We were having a discussion of Asimov’s i,Robot the other day.

And I got more uneasy.

Our discussion included a mention of Asimov’s Laws. The laws go something like:

  1. A robot may not injure a human, or via inaction allow a human to be harmed
  2. Robots must obey humans (“the people”) unless such orders conflict with (1)
  3. A robot must protect its existence insofar as it is not at the expense of (1) and (2)

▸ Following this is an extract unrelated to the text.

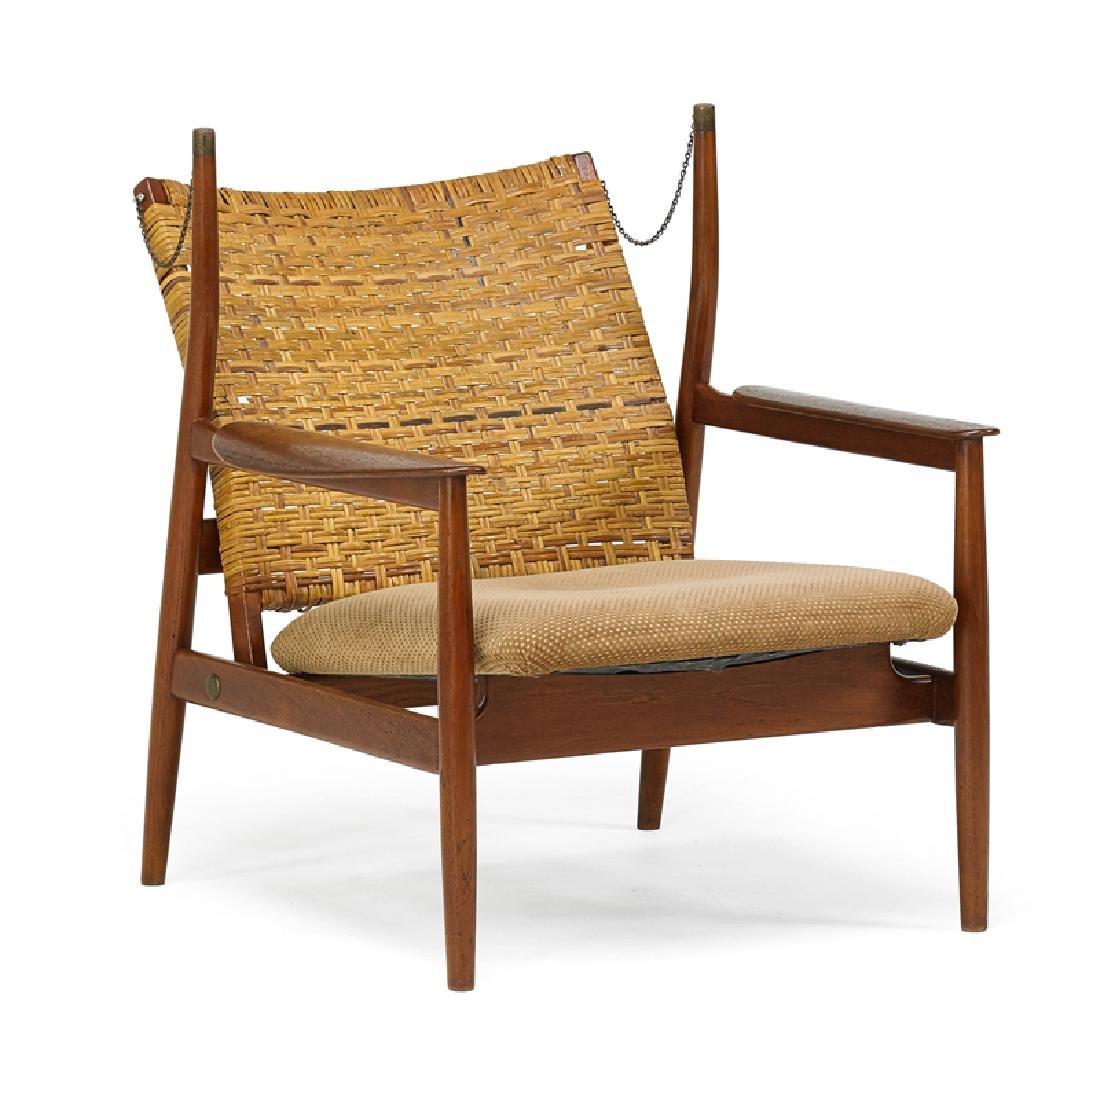 FINN JUHL; NIELS VODDER Adjustable lounge chair

And the reason I am uneasy, is that we spend a LOT more time on the design of AI and robots to follow these laws. But where is the daily conversation, or perhaps obsession, with doing the same for non-robot entities in our lives? Where are Asimov’s Three Laws of the American Presidency? Where are the three laws of Government? Can someone write the new novel, “i,Government?” I know there are dystopian political tomes out there, but I don’t see (1) through (3) being as seriously engaged as other things are. Indeed, much of the most forceful discussions of the role of government celebrate times when (1) is violated by policy. If drone strikes or undeclared wars in the middle east strike you as obeying (1) I don’t quite know what to say. But we can go much farther. Do we think that government actions or inactions do not expressly injure or harm other humans? I am quite sure, for example, that ethanol subsidies kill people. As does exempting the Department of Defense from some of the environmental protection laws that we abide by. And so on.

So I ask again, why not i,Government? Or now does it make me some kind of atomistic zealot to have a hope for humanity that, first, our governments, like our doctors, do no harm?